LegalCrystal Citation
CourtPrivy Council
Decided On
Case NumberPrivy Council Appeal No. 119 of 1931 (From Madras)
Judge
AppellantSecy. of State
RespondentS. Subramaniya Ayyar
Advocates:A.M. Dunne and W. Wallach, for Appellant ; L. DeGruyther and K.V.L. Narasimham, for Respondent. Solicitors for Appellant, The Solicitor, India Office ; Solicitors for Respondent, T.L. Wilson and Co.
Excerpt:
.....before their lordships. the other question that was raised was that this water was supplied from works constructed by the government, and that turns upon what the works constructed by the government were which were relied upon in the written statement. it appears to their lordships that the high court took the correct view in that respect in coming to the conclusion that the only works which were relied upon at the trial before the subordinate judge and the only works which were relied upon in the written statement and in respect of which issue was taken were the works which have been described in respect of this channel. the issue that was raised was whether the channel is recent and was constructed or maintained by the government as alleged in paras. 5 and 6 of the written statement......
Judgment:

LORD ATKIN:

This is an appeal from a decree of the High Court at Madras in a case in which the plaintiff, who is trustee of a temple, brought a suit for a declaration that the temple was entitled to free irrigation in respect of the village of Viranvayal in Madras. The question depends upon the wording of the Madras Irrigation Cess Act of 1865 as amended. The substance of that is that, by S. 1 (a), whenever water is supplied or used for the purpose of irrigation from any river, stream, channel, tank or work belonging to or constructed by Government, it shall be lawful for Government to levy a cess. There is a proviso as to zamindars or inamdars possessing rights which they may have got from previous engagements from Government. The village in question lies on the left bank of the river Korayar, and before the year 1890, which appears to be the first year that really comes into question in this case, there can be no doubt on the findings of the Court that the village was accustomed to be irrigated by drawing water from a channel which ran at about the northernmost part of the village.
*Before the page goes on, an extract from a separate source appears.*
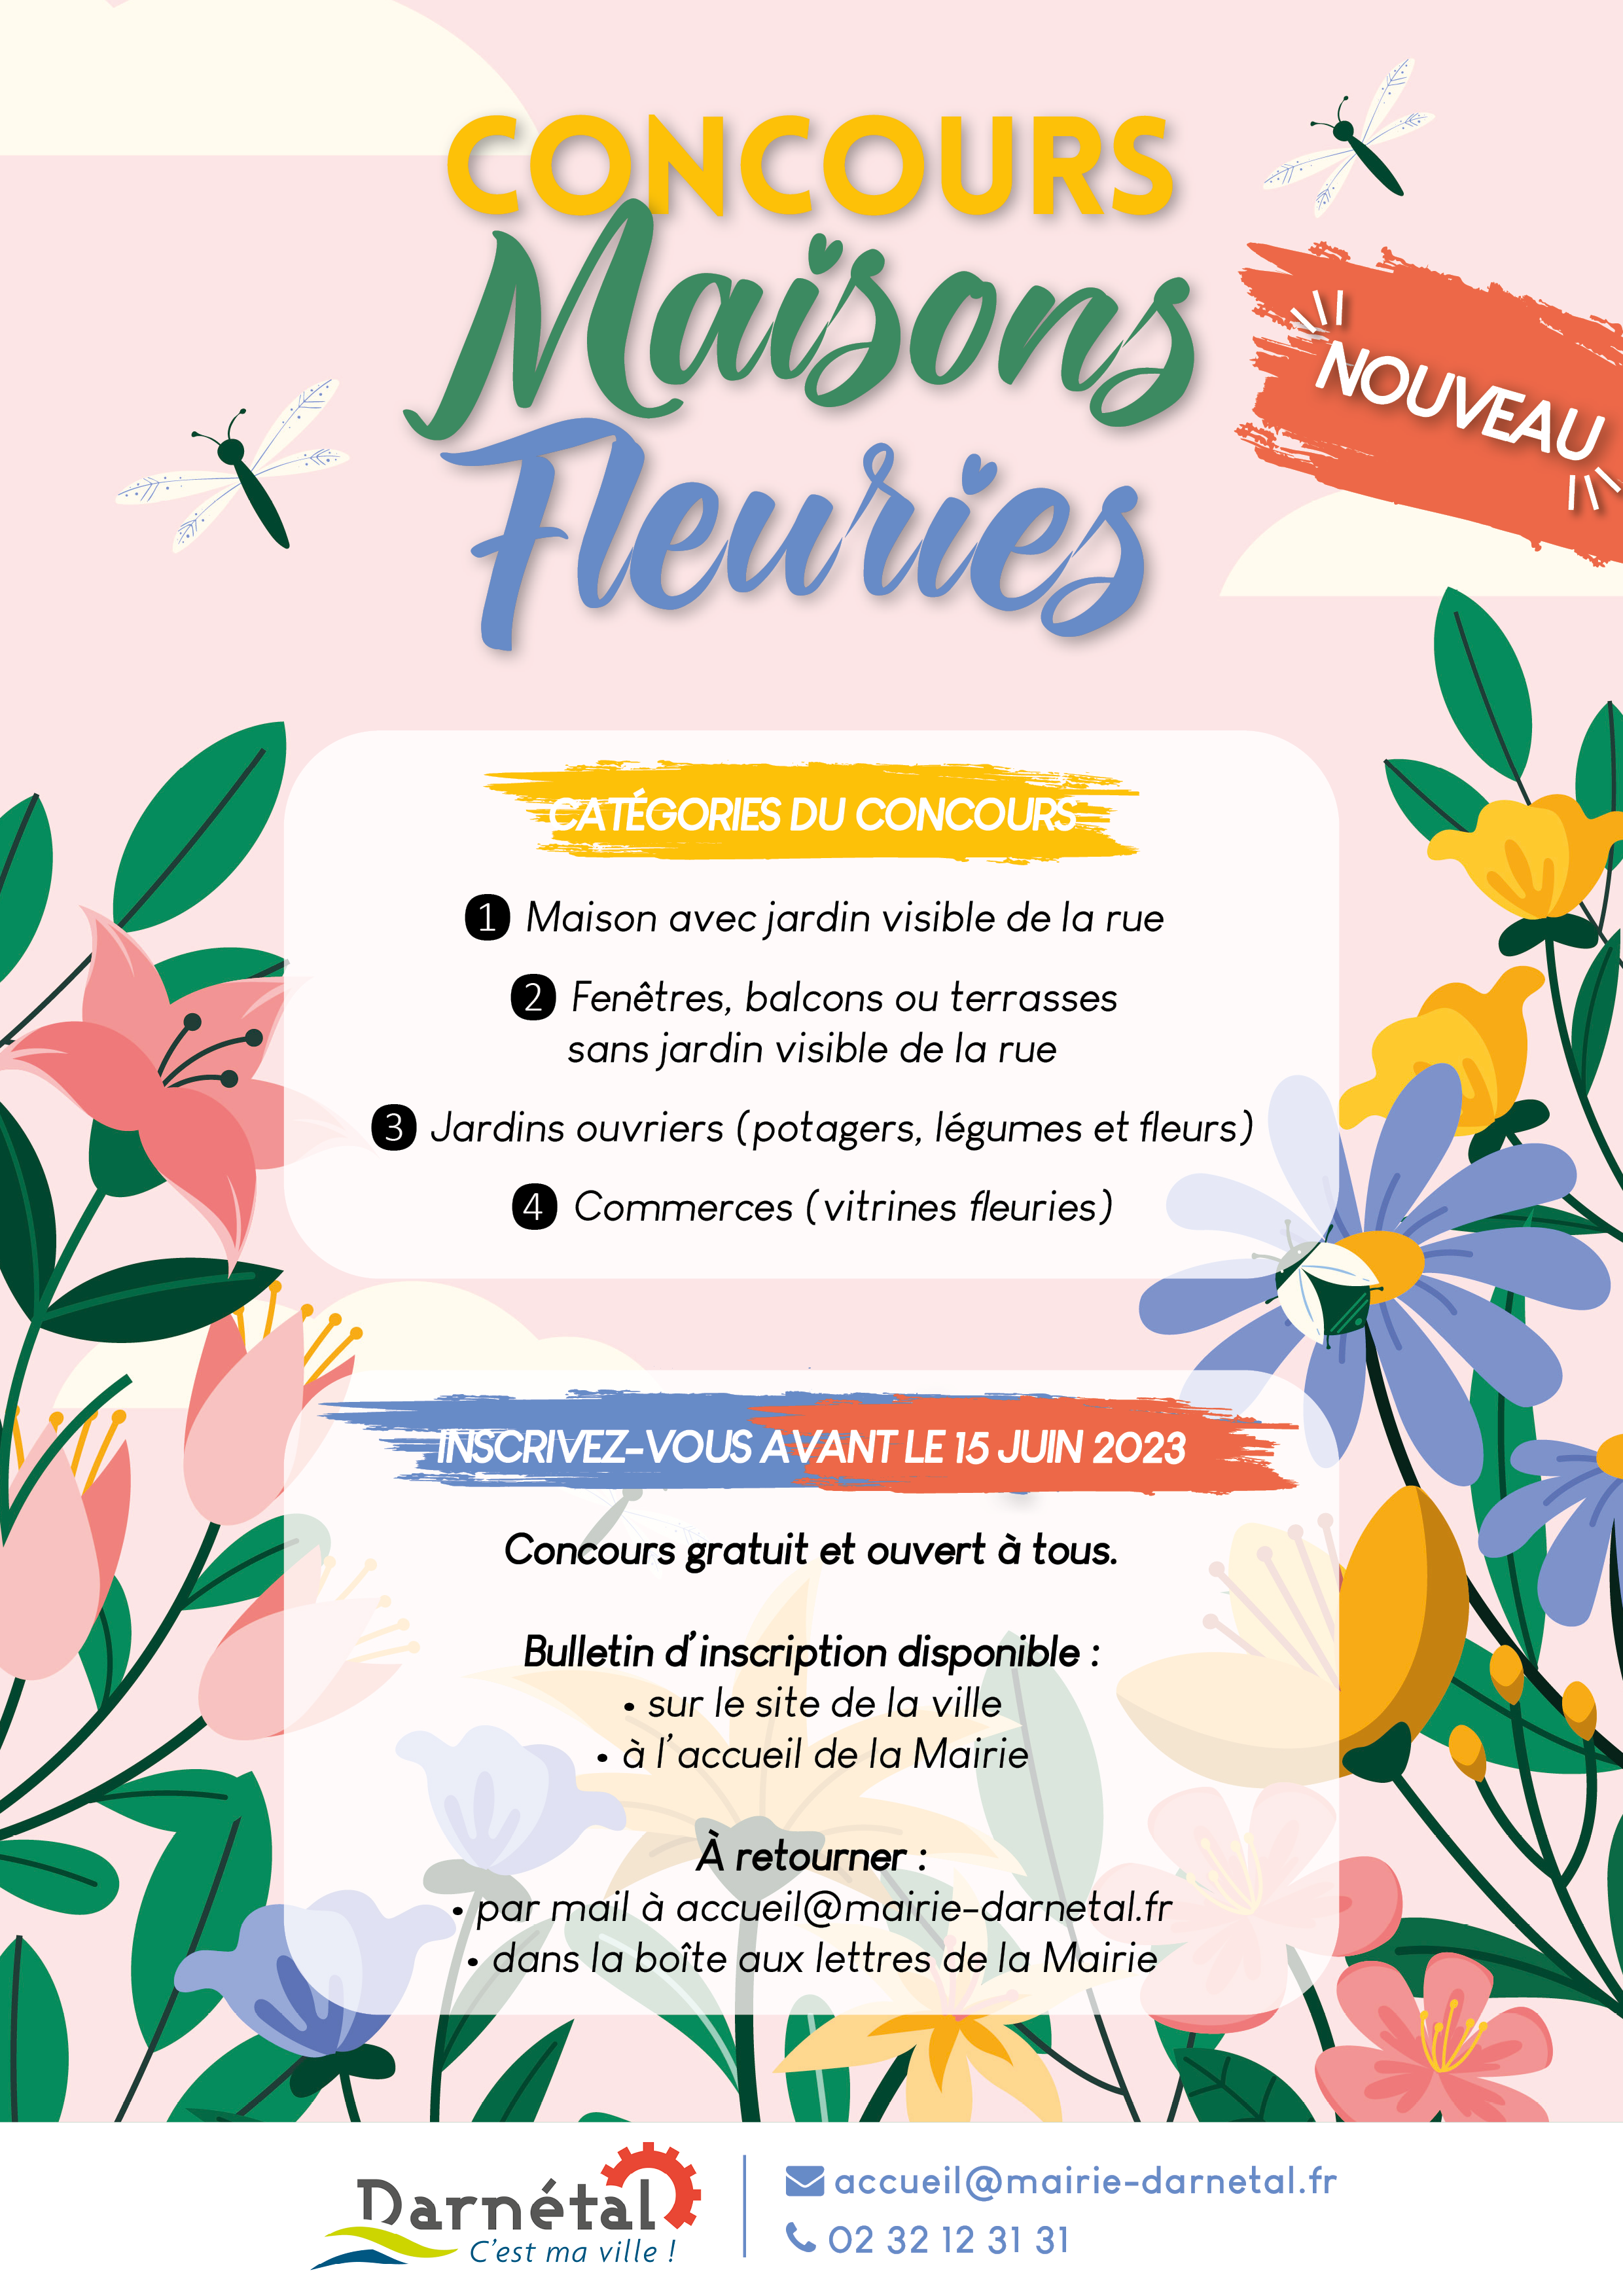 Concours Maisons Fleuries !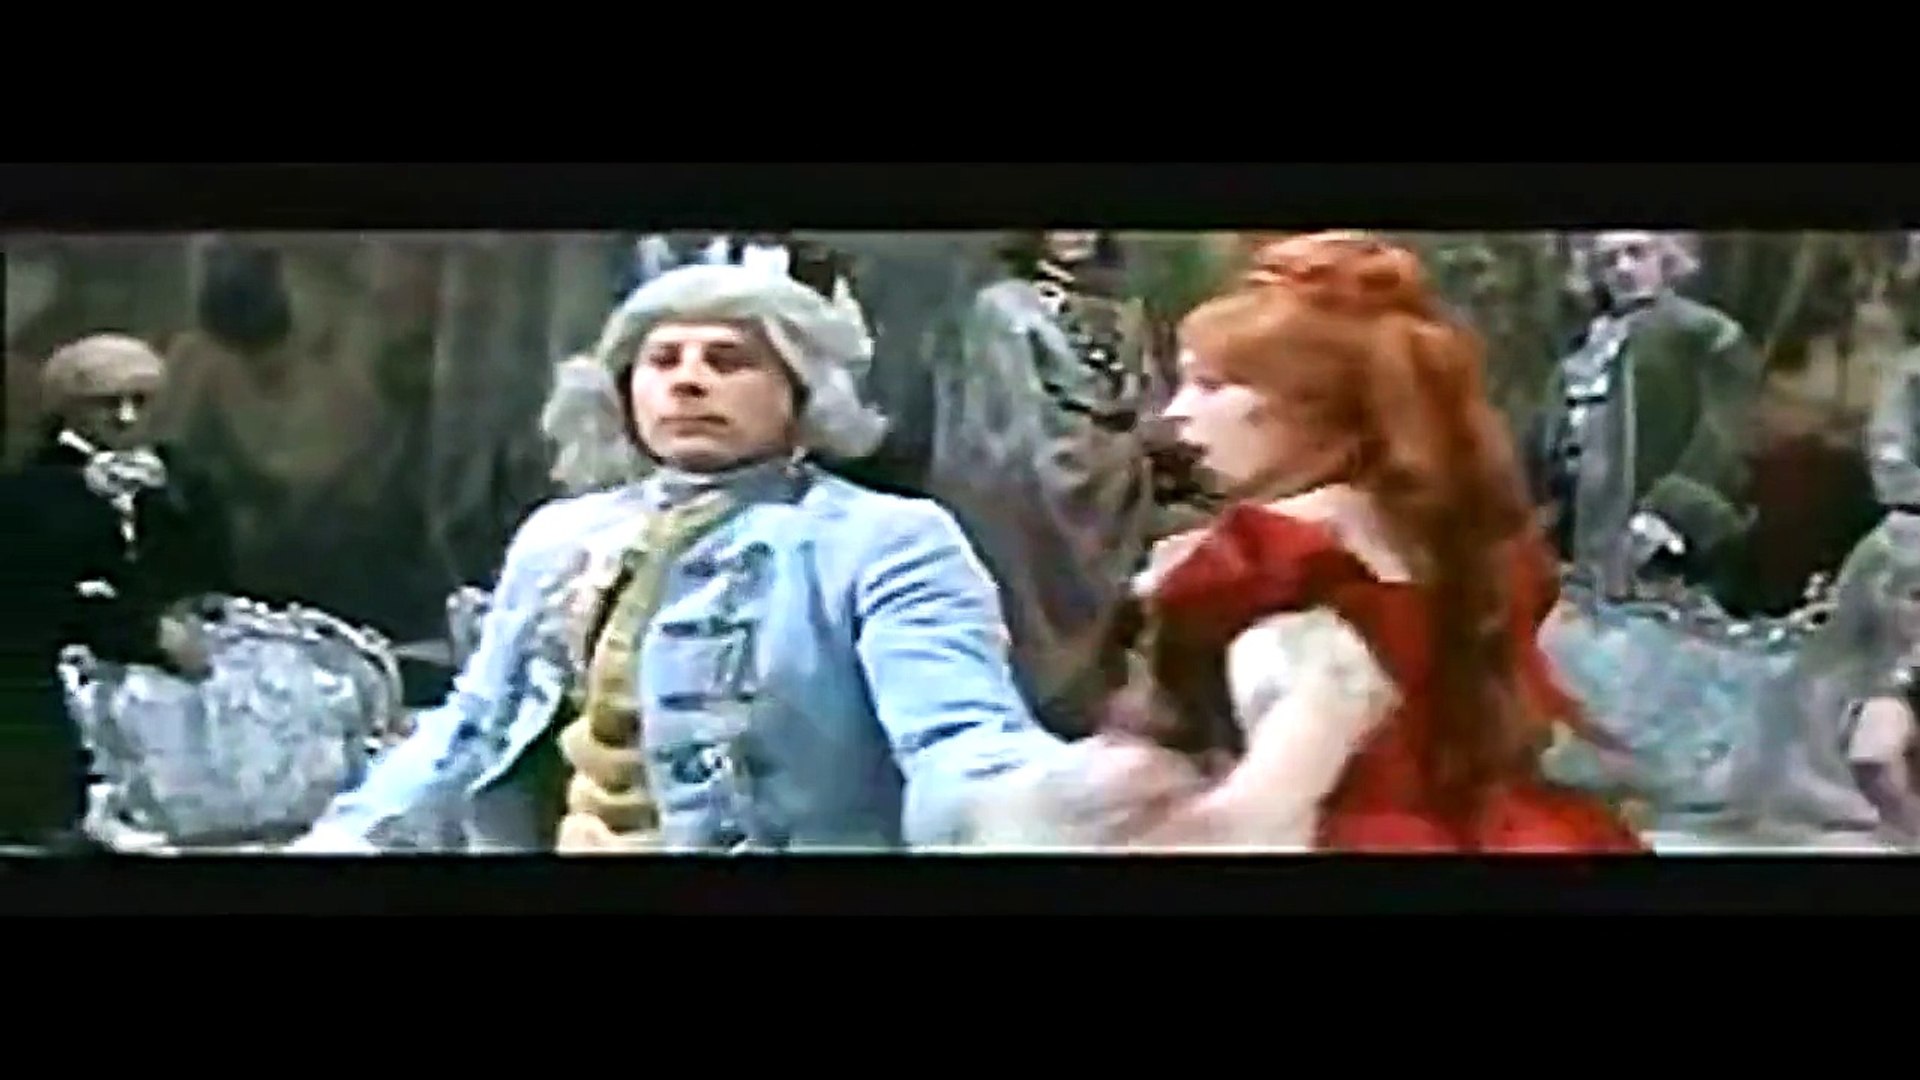 Le bal des vampires » de Roman Polanski (1697) - Vidéo Dailymotion

The river runs from west to east and just before reaching the village it takes a rightangled turn and begins to run almost due south. This village at this time and for some time before exactly how long it is not known, had been drawing water from a channel which led to a tank from which the village lands were irrigated. At that time there was no protection in the nature of a river hank of any size on the left bank of the river, and in consequence the village lands, or a large portion of them, were liable to be flooded at flood time. In 1890, at the request apparently of the temple and at its expense, the Government built a bund or embankment running from the northernmost point south for some distance, which had the effect of keeping the flood water off the greater part of the village lands, still leaving some portion which would then be on the west side of the bank liable to be flooded. At that time the Government, also at the expense of the temple, had reconstructed the channel and executed masonry work so as to secure that there should be a permanent channel. That channel was conveyed by a tunnel or culvert through the bund and between the bund and the river the Government inserted a sluice or sluices which would control the supply of water through the channel.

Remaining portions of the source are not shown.